Prime factorization of $$$1128$$$

Find the prime factorization of $$$1128$$$.

Start with the number $$$2$$$.

Determine whether $$$1128$$$ is divisible by $$$2$$$.

It is divisible, thus, divide $$$1128$$$ by $$${\color{green}2}$$$: $$$\frac{1128}{2} = {\color{red}564}$$$.

Determine whether $$$564$$$ is divisible by $$$2$$$.

It is divisible, thus, divide $$$564$$$ by $$${\color{green}2}$$$: $$$\frac{564}{2} = {\color{red}282}$$$.

Determine whether $$$282$$$ is divisible by $$$2$$$.

It is divisible, thus, divide $$$282$$$ by $$${\color{green}2}$$$: $$$\frac{282}{2} = {\color{red}141}$$$.

Determine whether $$$141$$$ is divisible by $$$2$$$.

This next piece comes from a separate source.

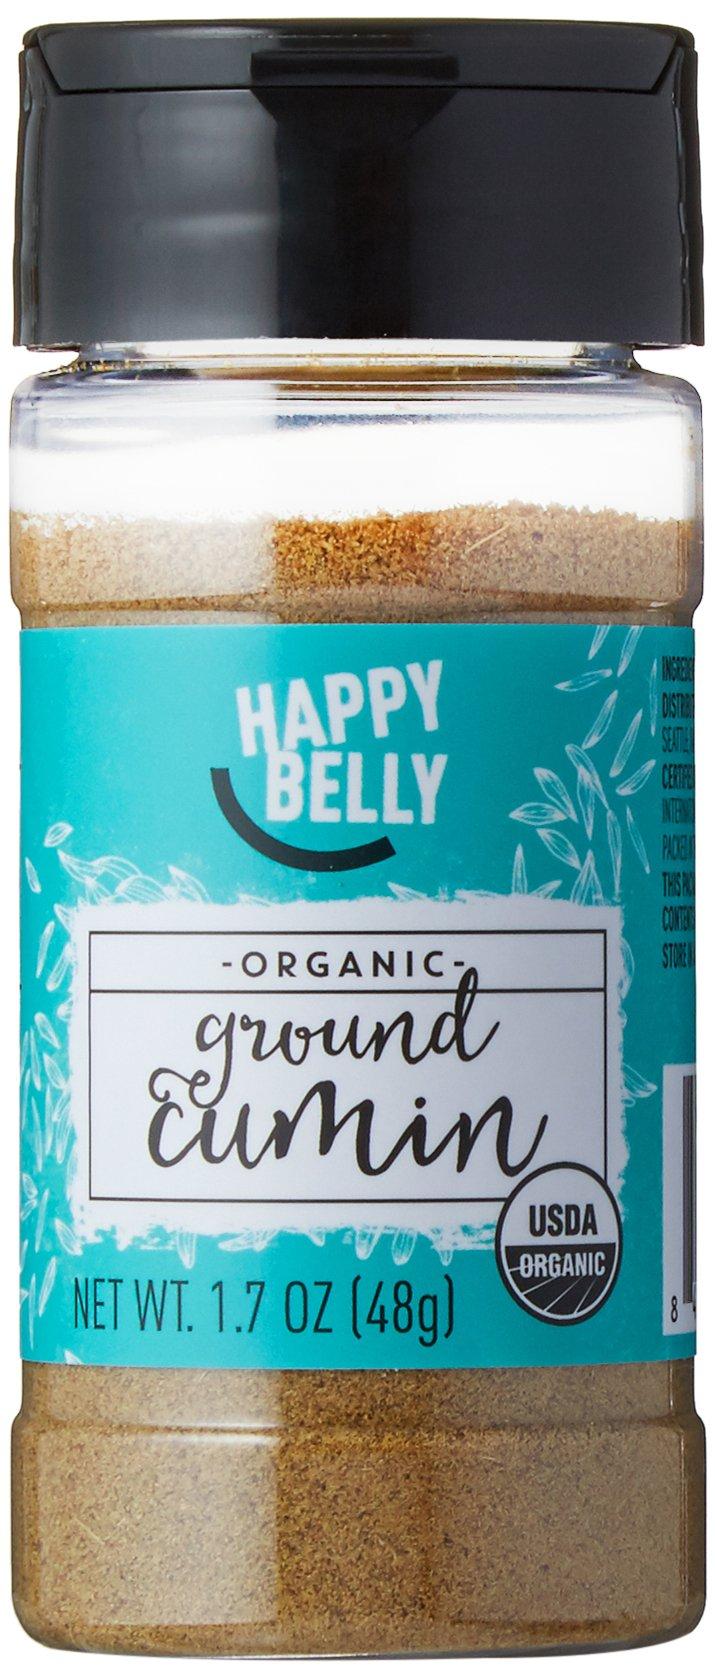 Amazon Brand - Happy Belly Organic Cumin, Ground, 1.7-Ounce

Since it is not divisible, move to the next prime number.

The next prime number is $$$3$$$.

Determine whether $$$141$$$ is divisible by $$$3$$$.

It is divisible, thus, divide $$$141$$$ by $$${\color{green}3}$$$: $$$\frac{141}{3} = {\color{red}47}$$$.

The prime number $$${\color{green}47}$$$ has no other factors then $$$1$$$ and $$${\color{green}47}$$$: $$$\frac{47}{47} = {\color{red}1}$$$.

Since we have obtained $$$1$$$, we are done.

Now, just count the number of occurences of the divisors (green numbers), and write down the prime factorization: $$$1128 = 2^{3} \cdot 3 \cdot 47$$$.

The prime factorization is $$$1128 = 2^{3} \cdot 3 \cdot 47$$$A.